Chinese Yuan as Reserve Currency

May. 22nd 2010

Even before the sovereign debt crisis in Europe damped confidence in the world’s second most important reserve currency, the Chinese Yuan was on the cusp of being accepted as a global reserve currency.

We’re all familiar with the arguments attacking the Yuan in this context: its currency is pegged, its capital controls are rigid, and its capital markets are shallow and illiquid. Say what you want about the world’s major currencies (volatile, debt-ridden, etc.), but at least none of these factors applies, goes this line of thinking. With the Euro’s future up in the air, however, a potential hole has been created in Central Banks’ respective forex reserves. As replacement(s) for the Euro are sought, such long-held assumptions are being challenged.

The Chinese Yuan is attractive for a number of reasons. First, investors and Central Banks want exposure to China’s economy; its average annual growth rate of 10% over the last 30 years is far-and-away the highest in the world. “China’s economic output will be more than $5 trillion, or around 9% of the world’s economy, according to the International Monetary Fund.” Second, the fact that the RMB is fixed is in some ways a perk: the wild fluctuations that most currencies witnessed as a result of the credit crisis has made some wonder if market-determined exchange rates aren’t overrated. Finally, the widespread consensus is that the RMB will appreciate anyway, so holding it seems like a safe bet.

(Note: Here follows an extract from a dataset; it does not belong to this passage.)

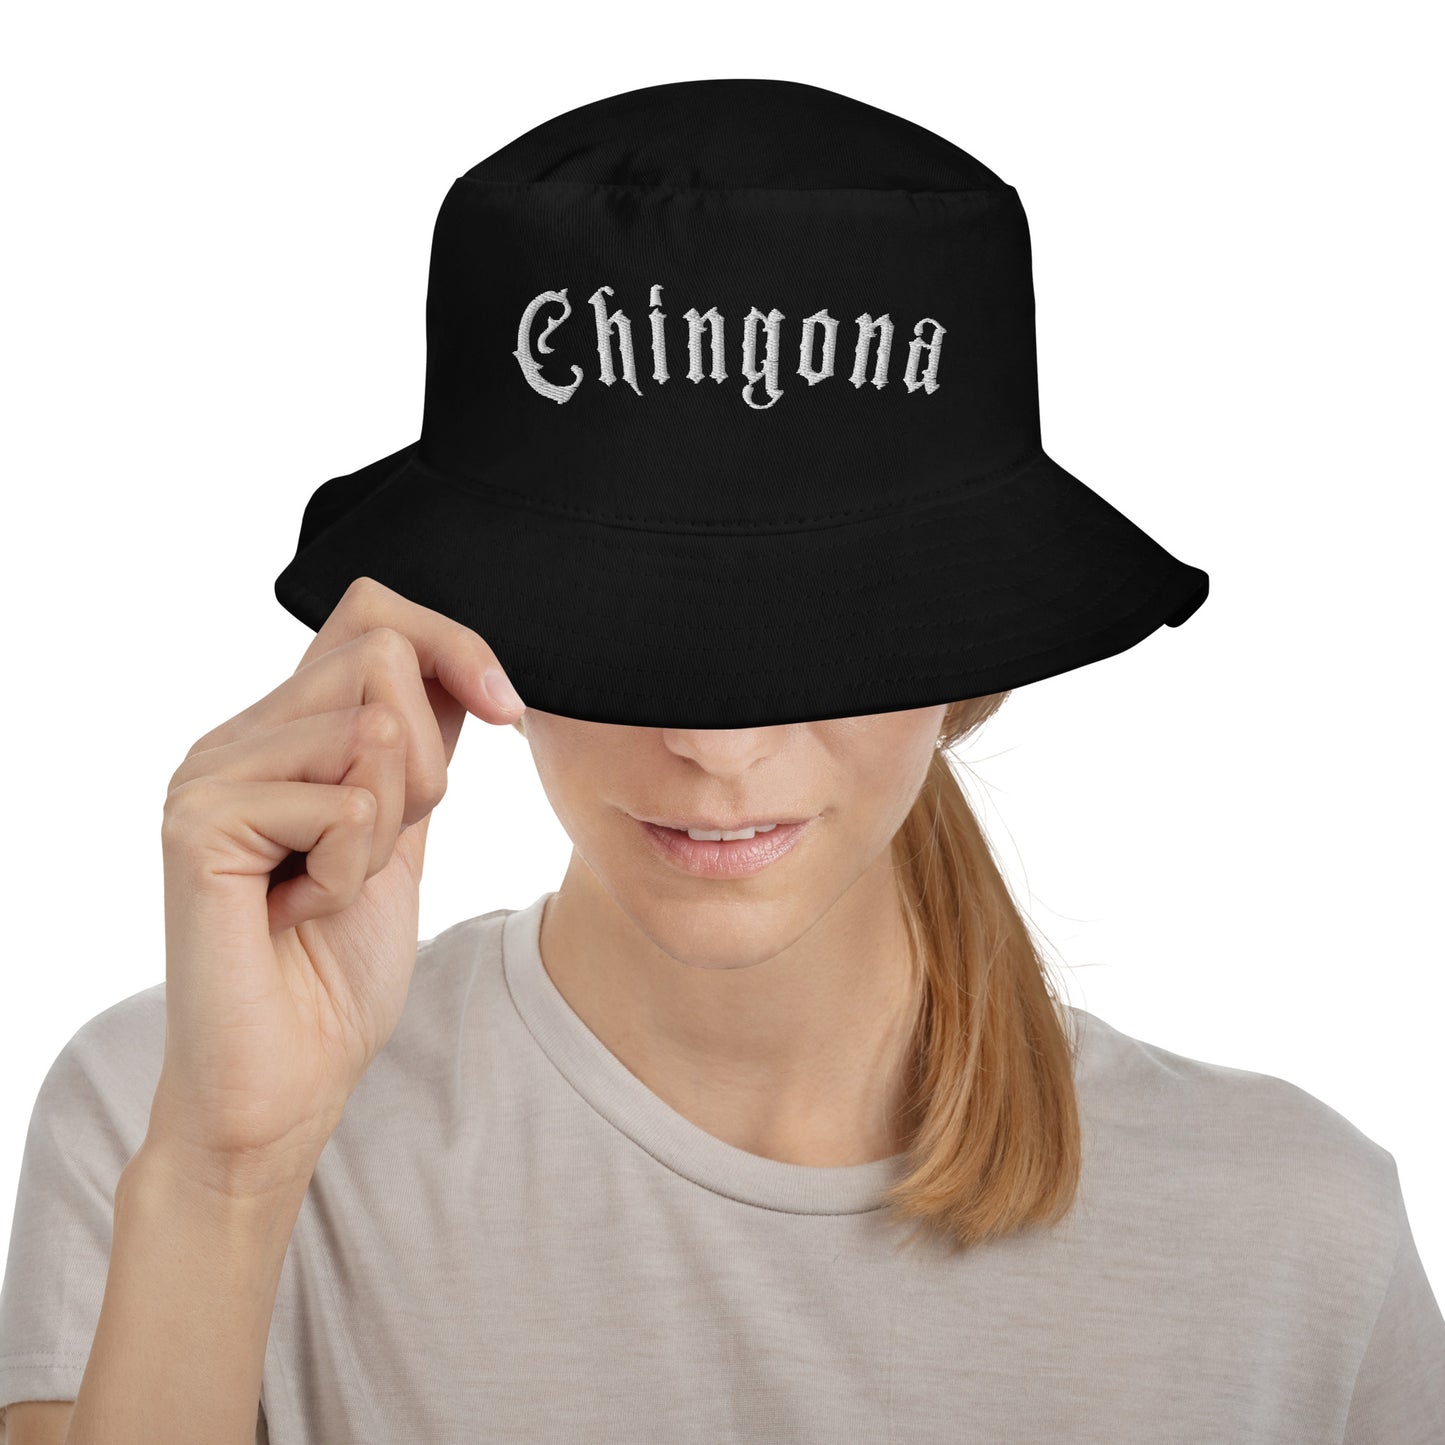 "Chingona" Bucket Hat

Therefore, “Central banks or sovereign wealth funds from Malaysia, Norway and Singapore have received special quotas from the Chinese government to allow them to gain a bit of exposure to China’s currency. The bet is that holding yuan-denominated assets is an important feature of a diversified national reserve.” In addition, China has signed Yuan-denominated swap agreements with a handful of its most important trade partners, totaling $100 Billion over the last year.

Still, these are small-scale agreements, and Central Banks are really just testing the waters. According to a recent study by the Reserve Bank of India (RBI), “The Chinese yuan is ‘far from ready’ to gain reserve currency status. Rather, it said China’s yuan was likely first to become a regional currency as trade links with its neighbours expand.” The main issue is not one of stability, but rather of supply. Simply, there are not enough liquid, attractive investments, denominated in RMB. China’s stock and bond markets are filled with unreliable companies, whose primary loyalty is to the State, rather than to investors. Buying Chinese government bonds seems like a safe option, but given, that China finances most of its spending with cash, such bonds are not widely available.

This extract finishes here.